Andrew hanya bisa menelan ludah. Tawaran itu cukup menggiurkan. Hukumannya akan diringankan. Di lain sisi, Andrew juga menjadi tidak tega dengan keadaan Sashi yang tadi sempat Kiana ceritakan. Dia menduga, jika wanita itu cukup depresi atas apa yang dilakukannya. Meski sebenarnya, Andrew tidak pernah melakukan apa-apa. Dia tidak menyentuh Sashi, meski Kiana menyuruhnya berkali-kali. Meski wanita itu juga memarahinya.
Akan tetapi, ada satu hal yang masih mengganjal dalam perasaanya. Jika dia menceritakan semua perbuatan mereka, bagaimana dengan Kiana?
"Tapi, aku tidak bisa membiarkan dia masuk penjara."
"Dasar bodoh. Kau lebih mementingkan wanita yang memanfaatkanmu dan mengorbankan kebebasanmu untuk menggantikannya?"
Andrew kembali terdiam dan hanya menatap laki-laki di depannya dengan bingung. Di satu sisi, dia terlalu takut berada dalam dinginnya jeruji besi, tapi tidak bisa membiarkan wanita yang dicintainya juga ikut merasakan apa yang dia rasakan.

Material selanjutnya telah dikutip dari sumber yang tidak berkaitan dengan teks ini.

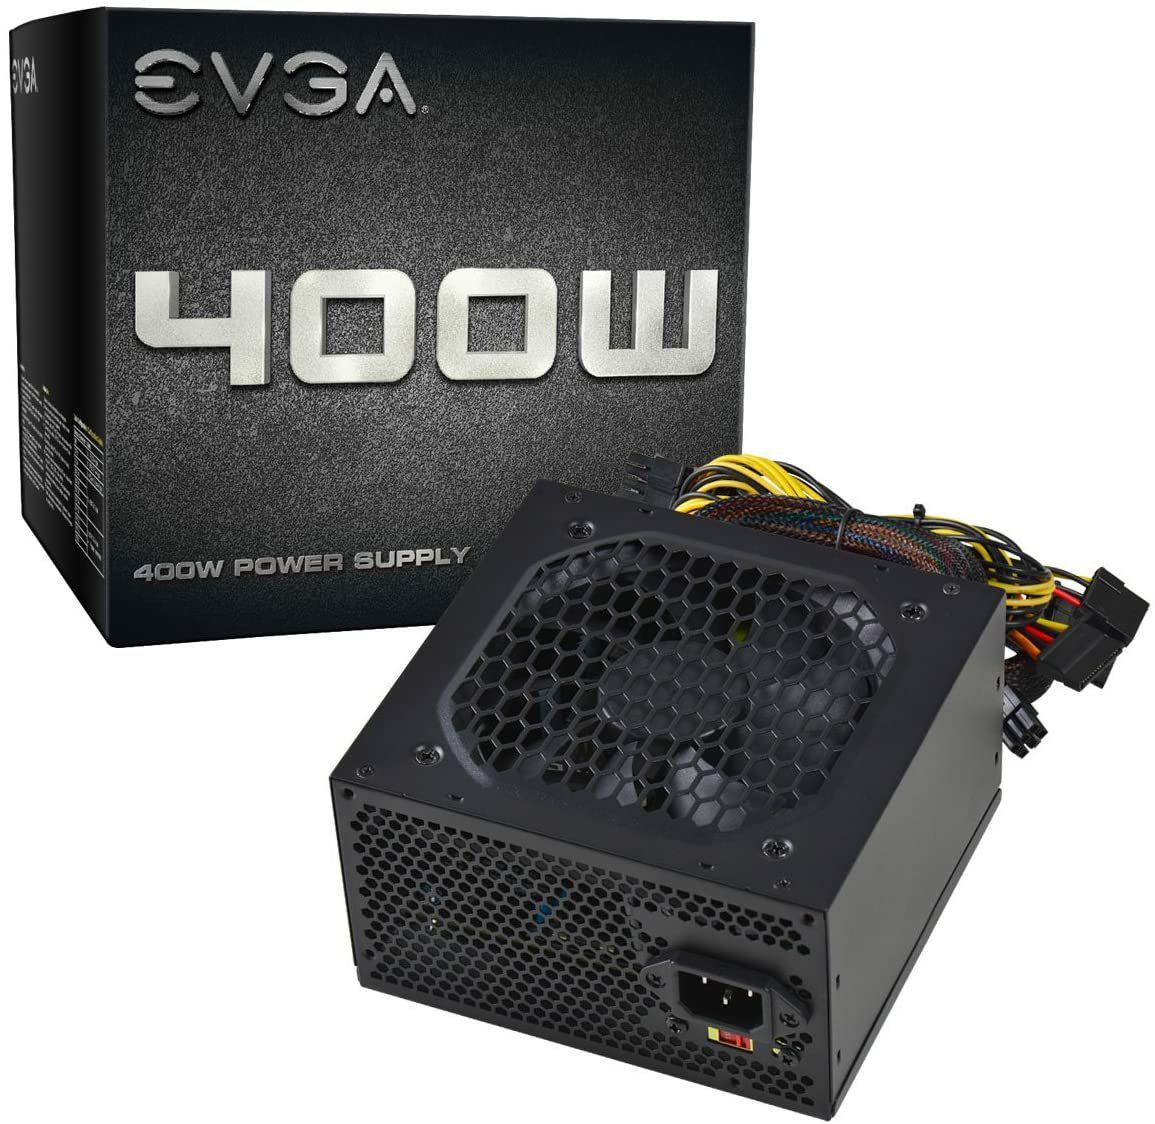 Amazon: EVGA 400W Fuente de poder 100-N1-0400-L1 224

Lantas, apa yang harus Andrew lakukan sekarang?
***
Arkan menatap langit senja sambil terdiam di dekat jendela. Merenungi keindahan Sang Pencipta. Sesekali, disesapnya segelas wine di tangannya. Tetesan air mengalir dari sela-sela rambutnya yang basah. Handuk kecil tampak menggantung di lehernya. Dia baru saja selesai mandi. Menampilkan tubuh atasnya yang masih telanjang, dengan celana pendek tampak menggantung di bagian pinggul. Memikirkan semua yang dilakukannya. Apa ini sudah benar? Tapi, kenapa Arkan merasa ragu?
Di tengah kebingungannya, suara pintu terdengar berderit dan terbuka secara perlahan, membuat Arkan seolah dipaksa untuk menoleh. Hingga matanya mendapati Kiana yang tersenyum di ambang pintu menatapnya.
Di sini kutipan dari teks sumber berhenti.